Stored data below:
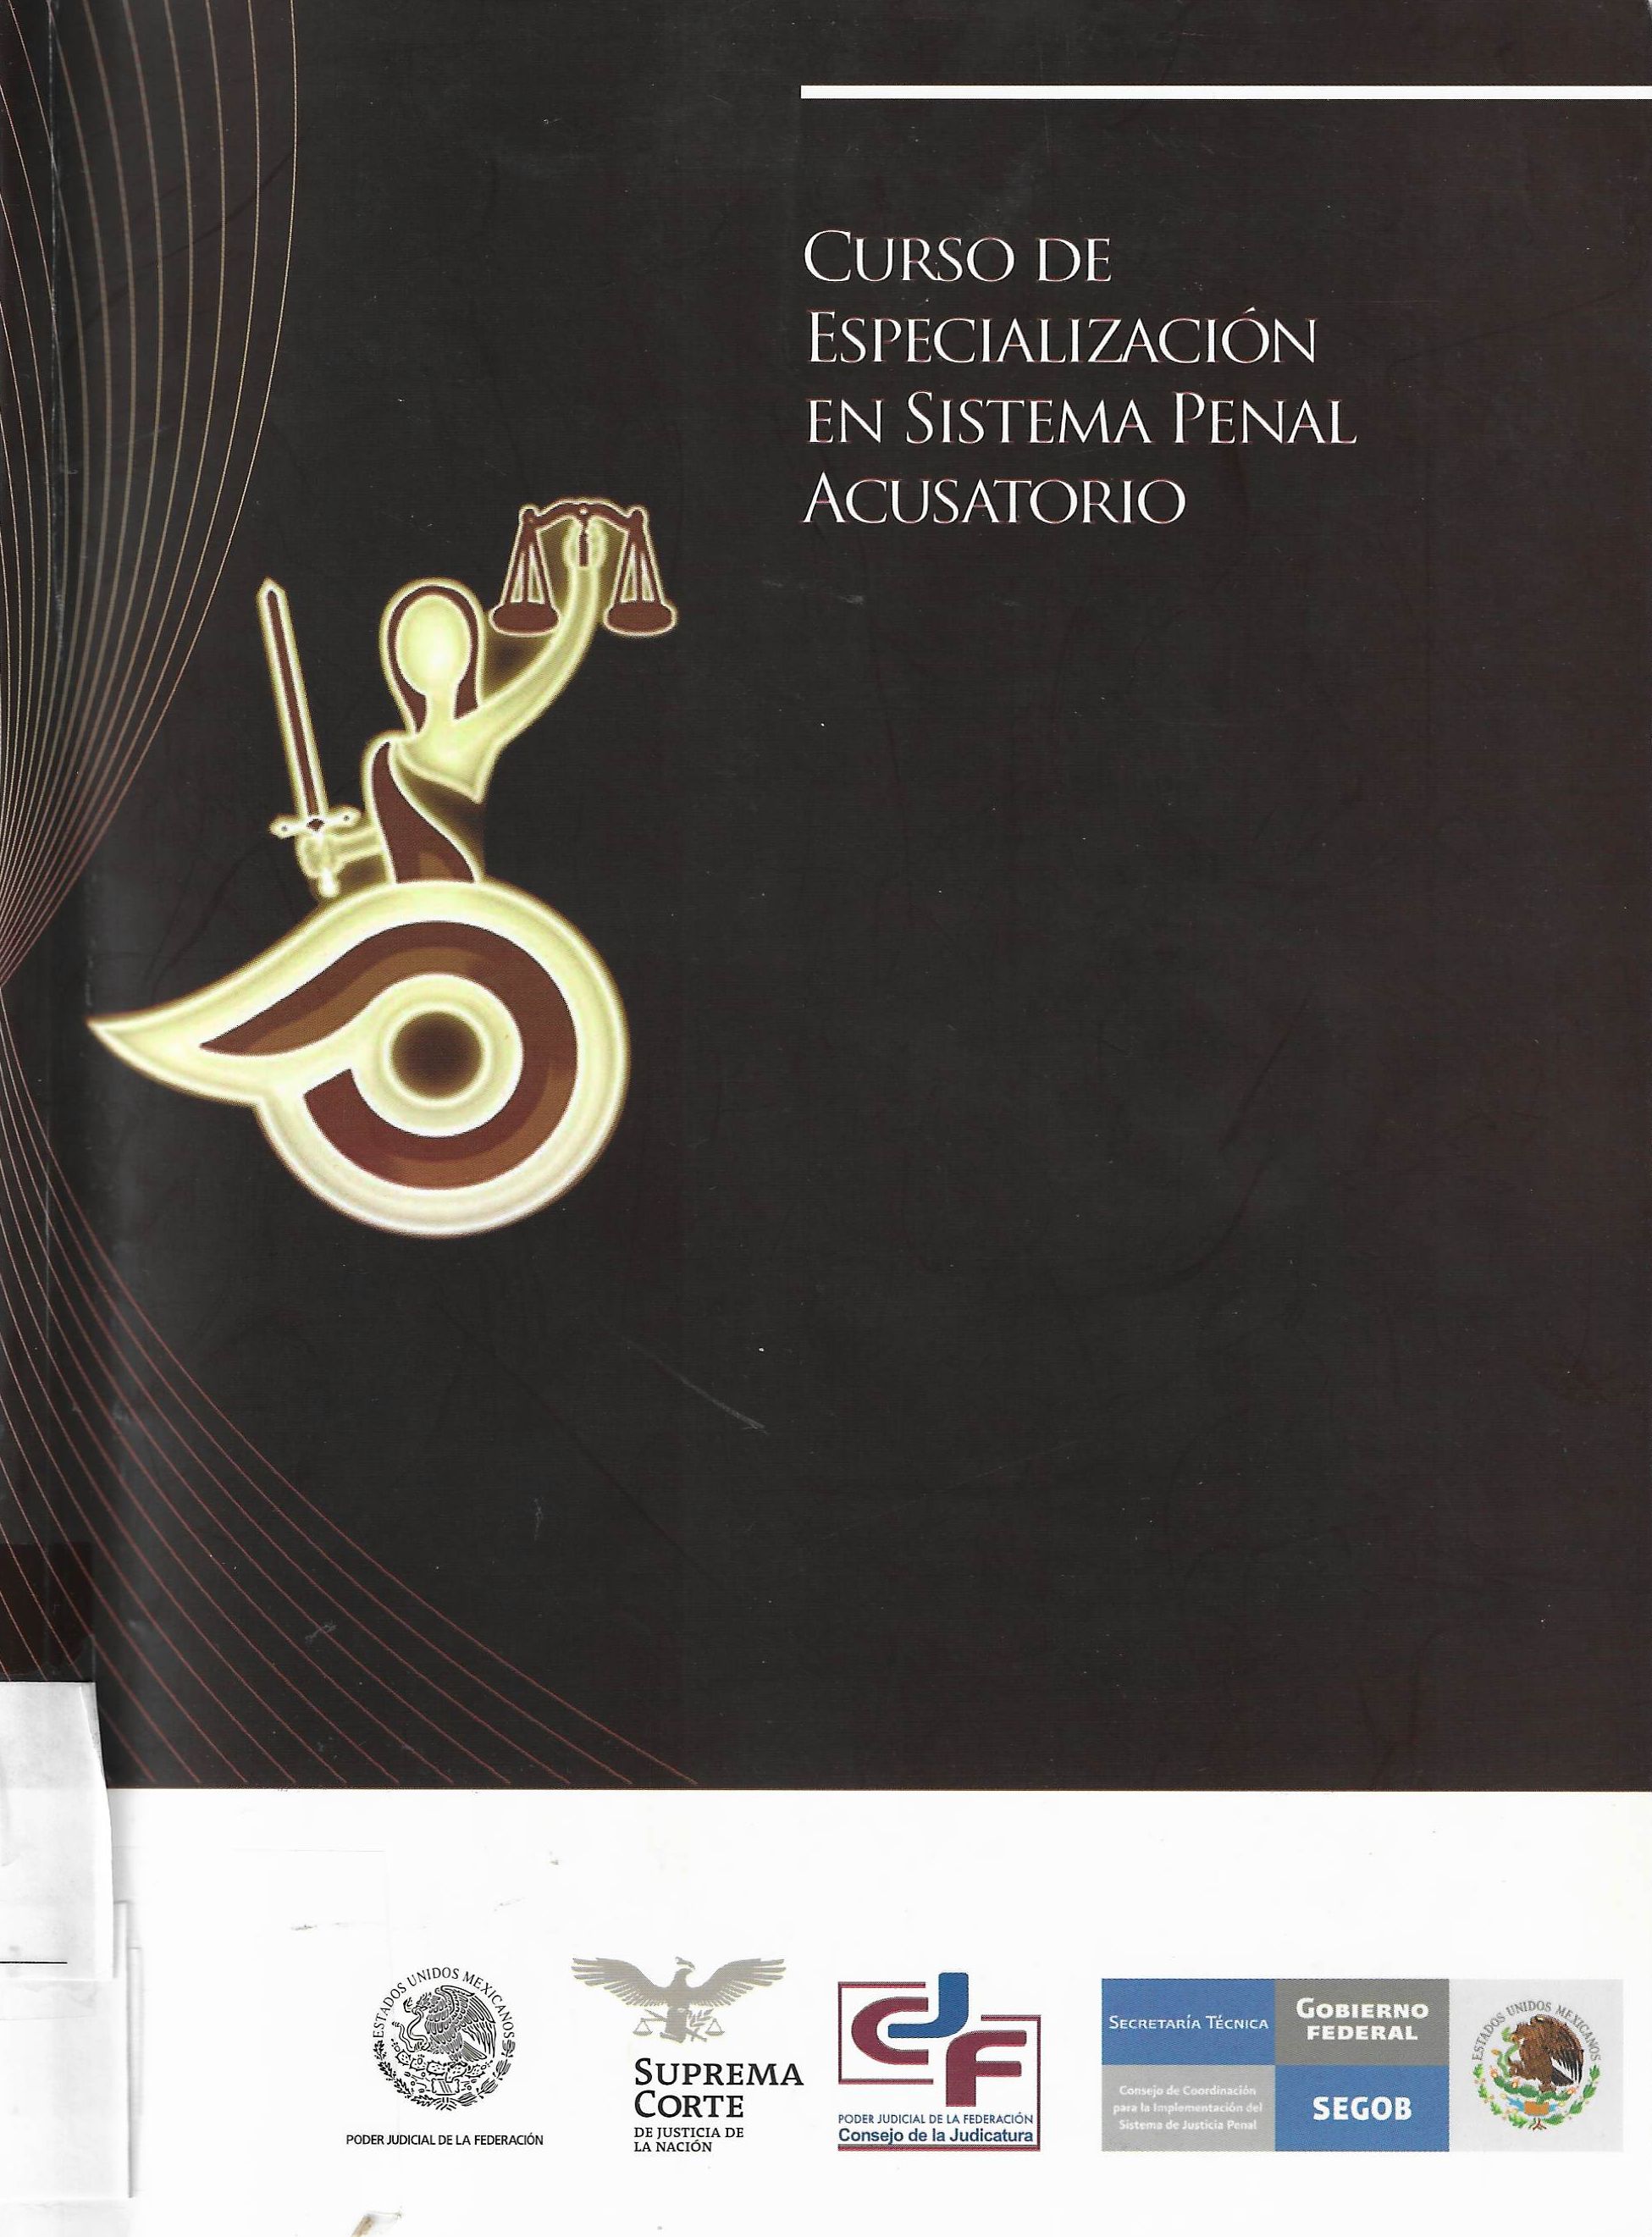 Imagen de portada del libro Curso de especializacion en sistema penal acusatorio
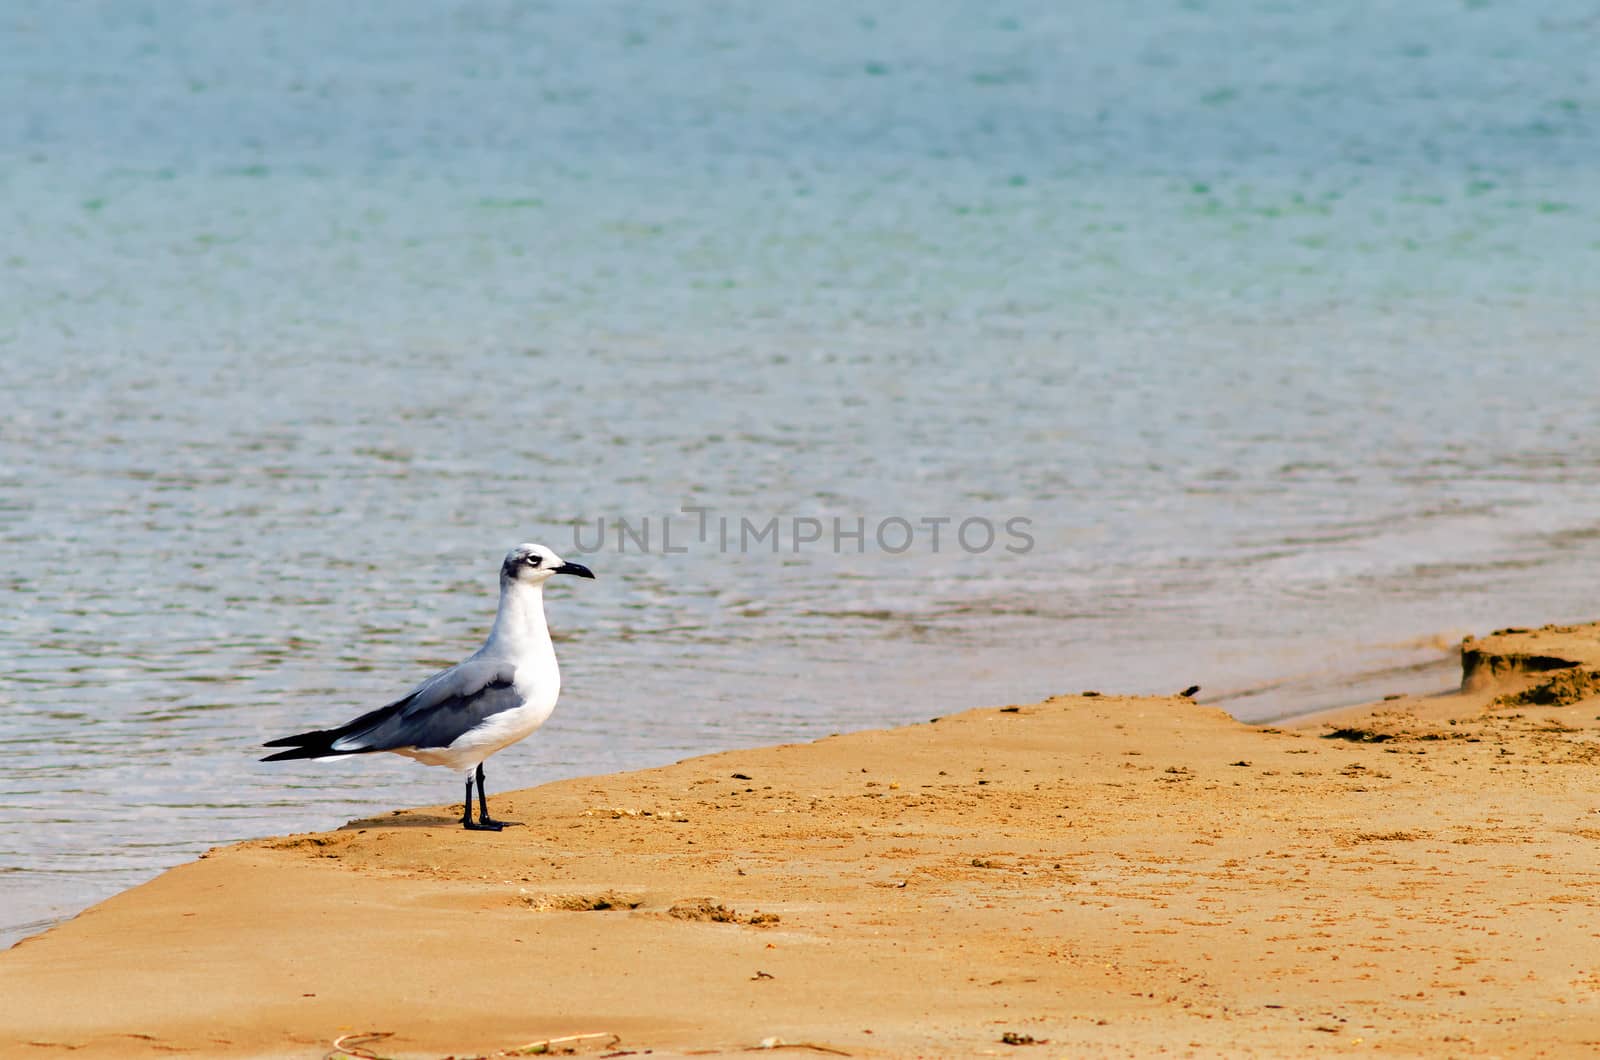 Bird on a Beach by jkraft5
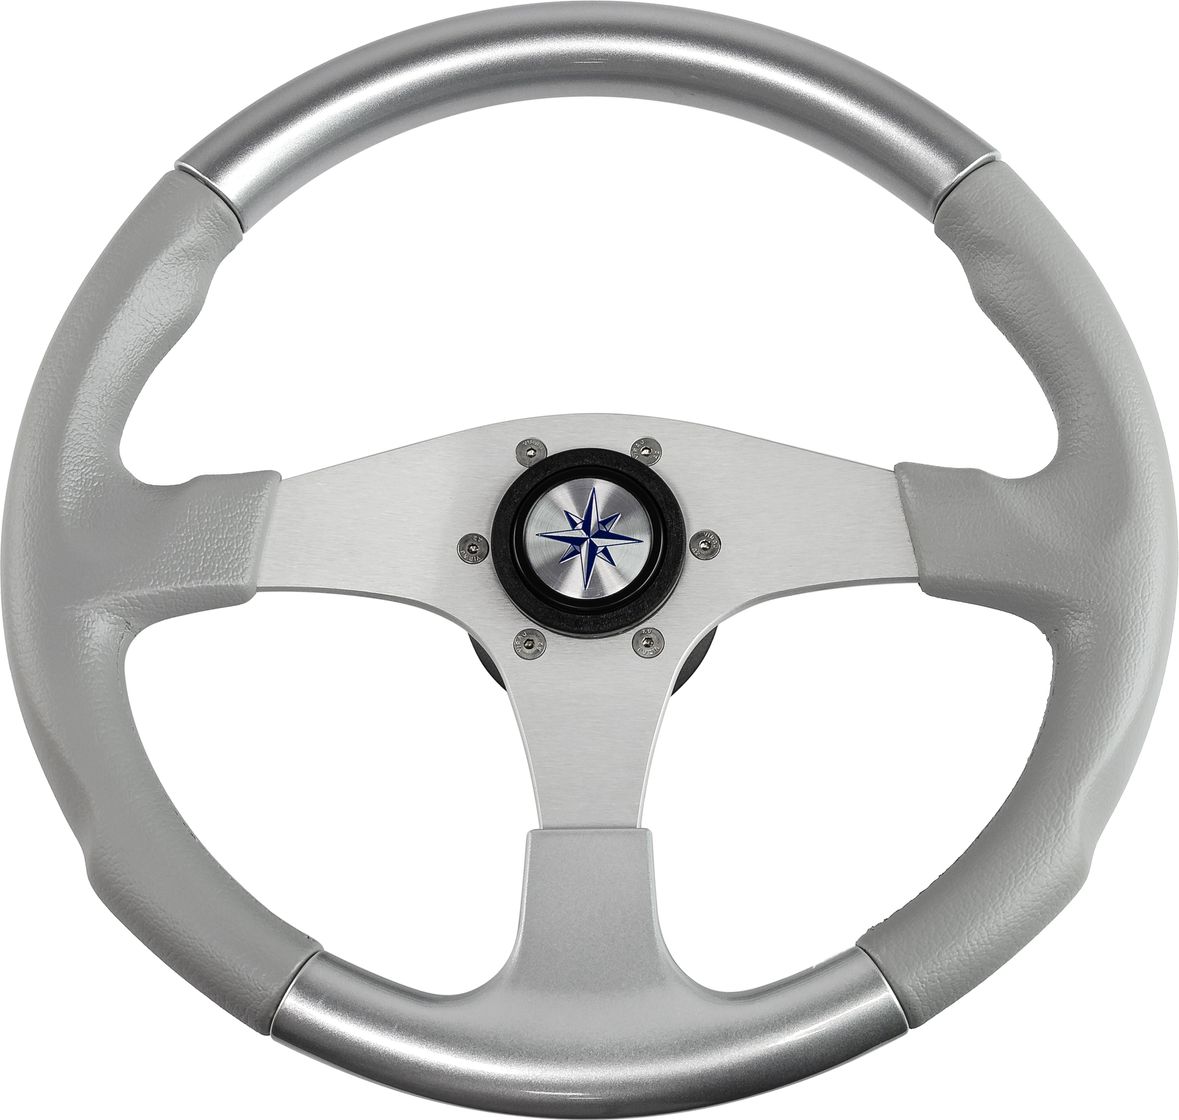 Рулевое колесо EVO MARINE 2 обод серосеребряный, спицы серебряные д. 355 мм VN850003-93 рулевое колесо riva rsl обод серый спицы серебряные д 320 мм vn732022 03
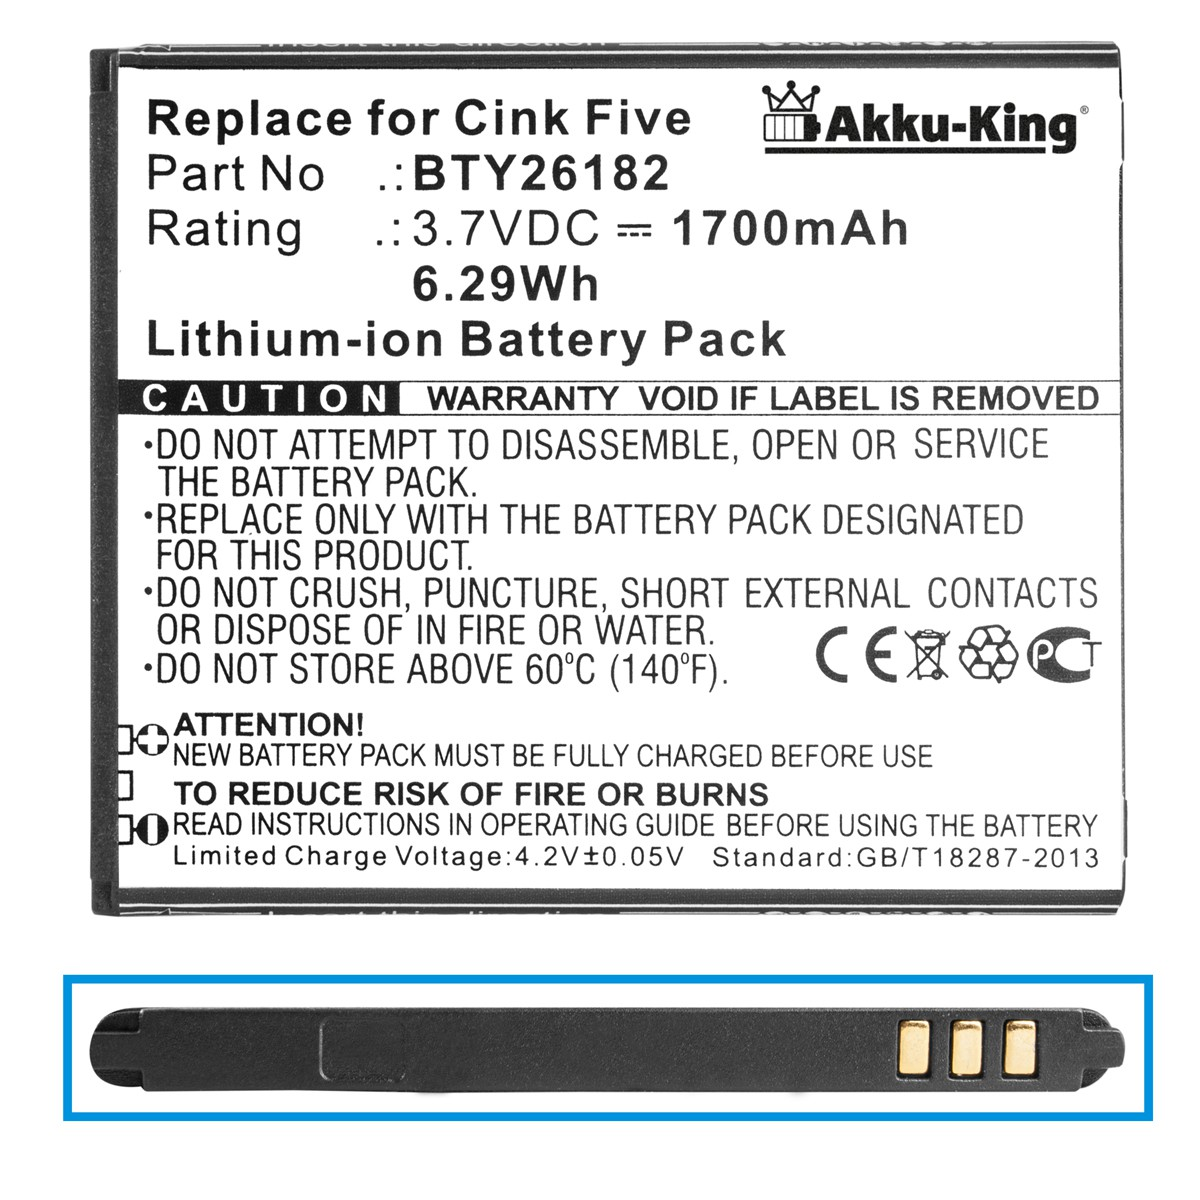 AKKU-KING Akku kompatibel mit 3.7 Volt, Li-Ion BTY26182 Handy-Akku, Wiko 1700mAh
End of Stored data.
** Exercise directions **
What belongs in the answer is each line above, reproduced exactly, and no picture.

** Final answer **
 Imagen de portada del libro Curso de especializacion en sistema penal acusatorio
 Bird on a Beach by jkraft5
 Рулевое колесо EVO MARINE 2 обод серосеребряный, спицы серебряные д. 355 мм VN850003-93 рулевое колесо riva rsl обод серый спицы серебряные д 320 мм vn732022 03
 AKKU-KING Akku kompatibel mit 3.7 Volt, Li-Ion BTY26182 Handy-Akku, Wiko 1700mAh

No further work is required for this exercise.